After measurement of cardiac output, LV angiography was performed as previously described.4 14 Briefly, animals were intubated and mechanically ventilated, and a dissecting microscope was used to expose the right external jugular vein and cannulate it with PE 50 tubing, which was advanced into the superior vena cava. Nonionic contrast medium (0.5 mL, Omnipaque 350, Winthrop) was injected into the superior vena cava over a period of 2 seconds with a power injector (Cordis Corp) during brief suspension of respiration. When necessary, additional doses of anesthesia (ketamine 100 mg/kg, xylazine 10 mg/kg, or morphine 2.5 mg/kg IP) were administered to suppress spontaneous respiration during angiography. Angiograms were obtained by use of the constant fluoroscopic technique (60 kVP and 1 to 2 mA), with a General Electric Fluoricon 300 (model MSI-1250 III). The data were acquired in a 2.25-in field of view of the image intensifier and recorded on 1-in videotape by use of a standard interlaced scanning mode, with a 1-cm grid and a lead marker placed at the level of the heart, as described elsewhere.4 Each animal was studied sequentially in 30° right anterior oblique and 60° left anterior oblique projections with separate contrast injections.

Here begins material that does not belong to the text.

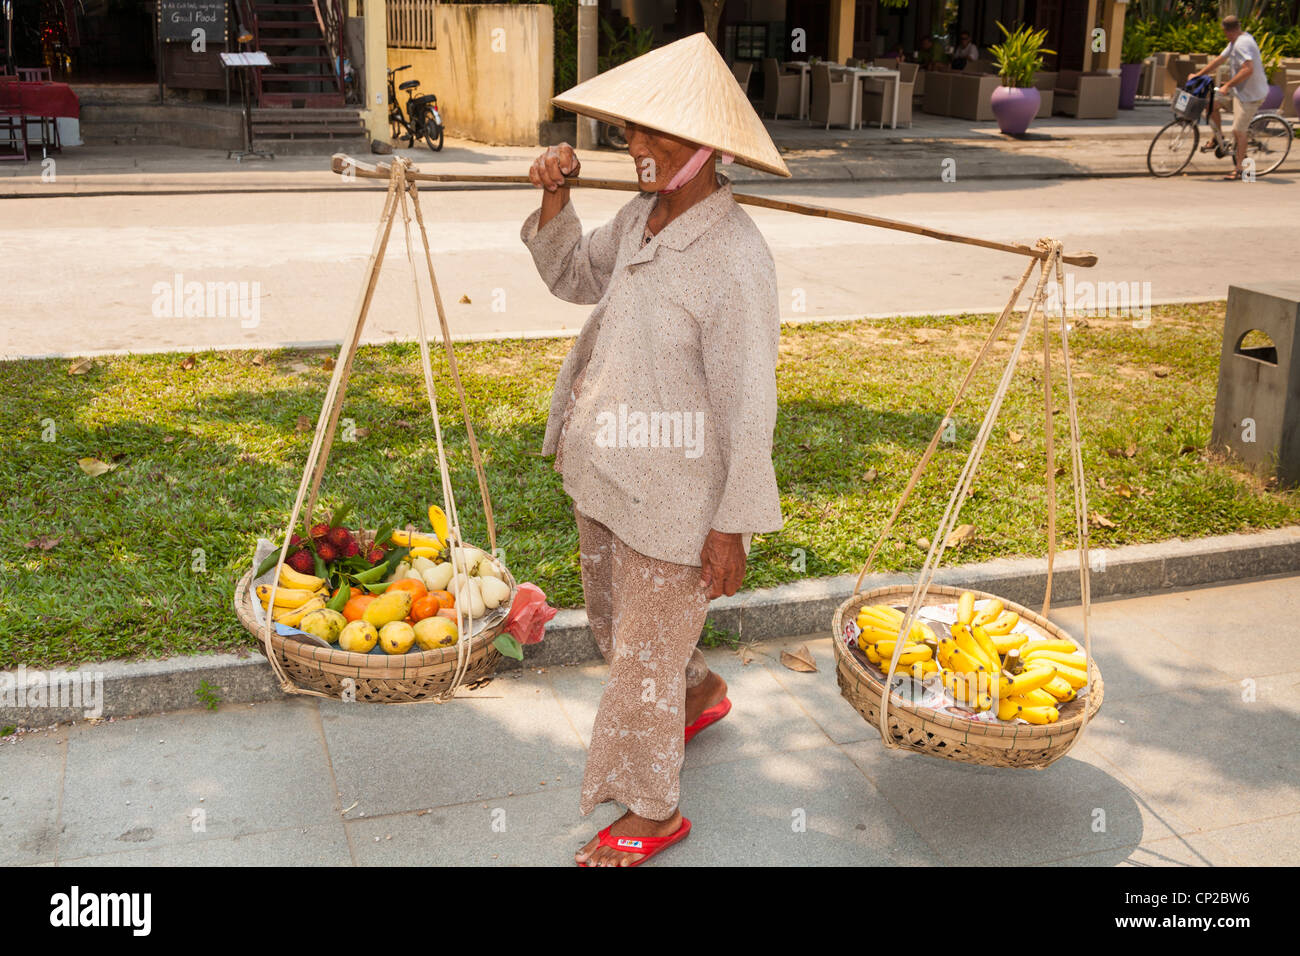 A Vietnamese woman, carrying baskets of fruit, Hoi An, Quang Nam province, Vietnam Stock Photo
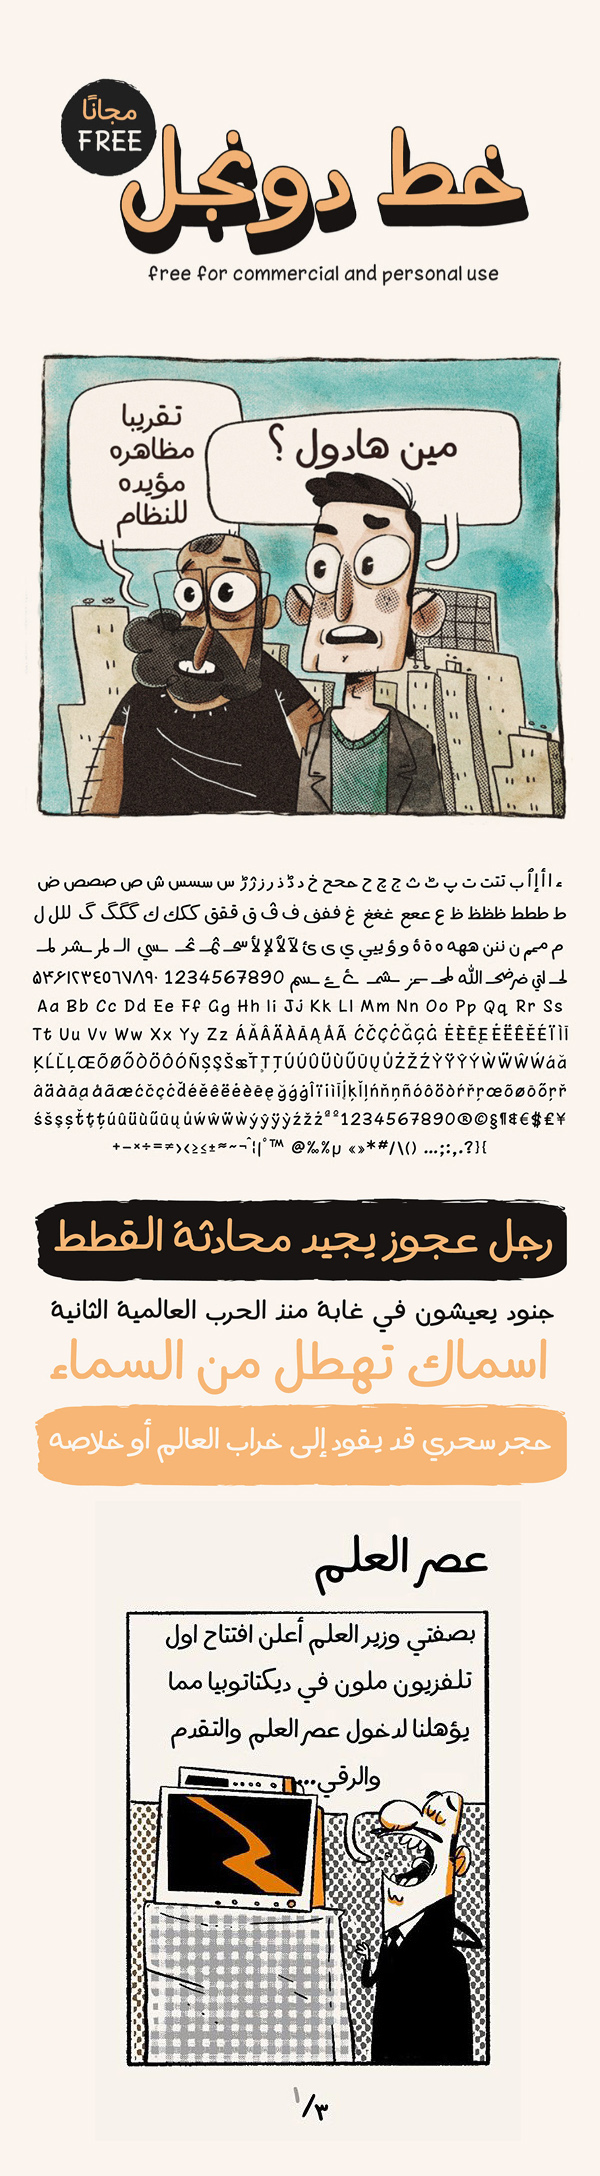 Dongol Arabic Hand-Drawn Free Font

Image Acquisition and Analysis
The details of the image processing and validation of analytic methods have been described.4 In brief, x-ray images were digitized at 30 frames/s with a resolution matrix of 512×512 pixels with 256 shades of gray by use of a time-base corrector and a video-processing system (GW Hannaway and Associates) interfaced to a computer system (Silicon Graphics model 4D/380VGX). Densitometric analysis of a digitized loop was used to identify end diastole and end systole. LVEDV and LVESV, stroke volume, and LV ejection fraction were calculated for two consecutive beats by use of the biplane area-length method,32 and the data were averaged.4
Postmortem and Histological Preparations
Diastolic Pressure-Volume Relations
To assess the passive pressure-volume characteristics of the left ventricle, LV balloons were fashioned by stretching a polypropylene membrane into the approximate shape of the LV chamber and attaching it to a plastic tube. The pressure-volume characteristics of the balloons were assessed before use to ensure that they exhibited a flat pressure response to volume infusion over the range studied in that heart in vivo, which would indicate that the pressure measured during a study was due only to the compliance of the left ventricle. After euthanasia, hearts were arrested with KCl solution and excised. The left atrial appendage was opened to permit balloon insertion through the mitral valve into the LV. The atrioventricular groove was then ligated around the tubing. A Hamilton microliter syringe (model 750) was used to inject 0.3- to 0.5-mL aliquots of saline while ventricular pressure was measured. Reproducible pressure-volume curves were generated over a pressure range of 0 to 40 mm Hg within 10 minutes of cardiac arrest.33 The volume of the empty balloon was measured by displacement and added to the measured volume to determine true volume of the left ventricle. Curves were fitted by use of a monoexponential relation, and the pressure-volume relations were also plotted in a semilog format and the slopes determined as a measure of LV chamber compliance.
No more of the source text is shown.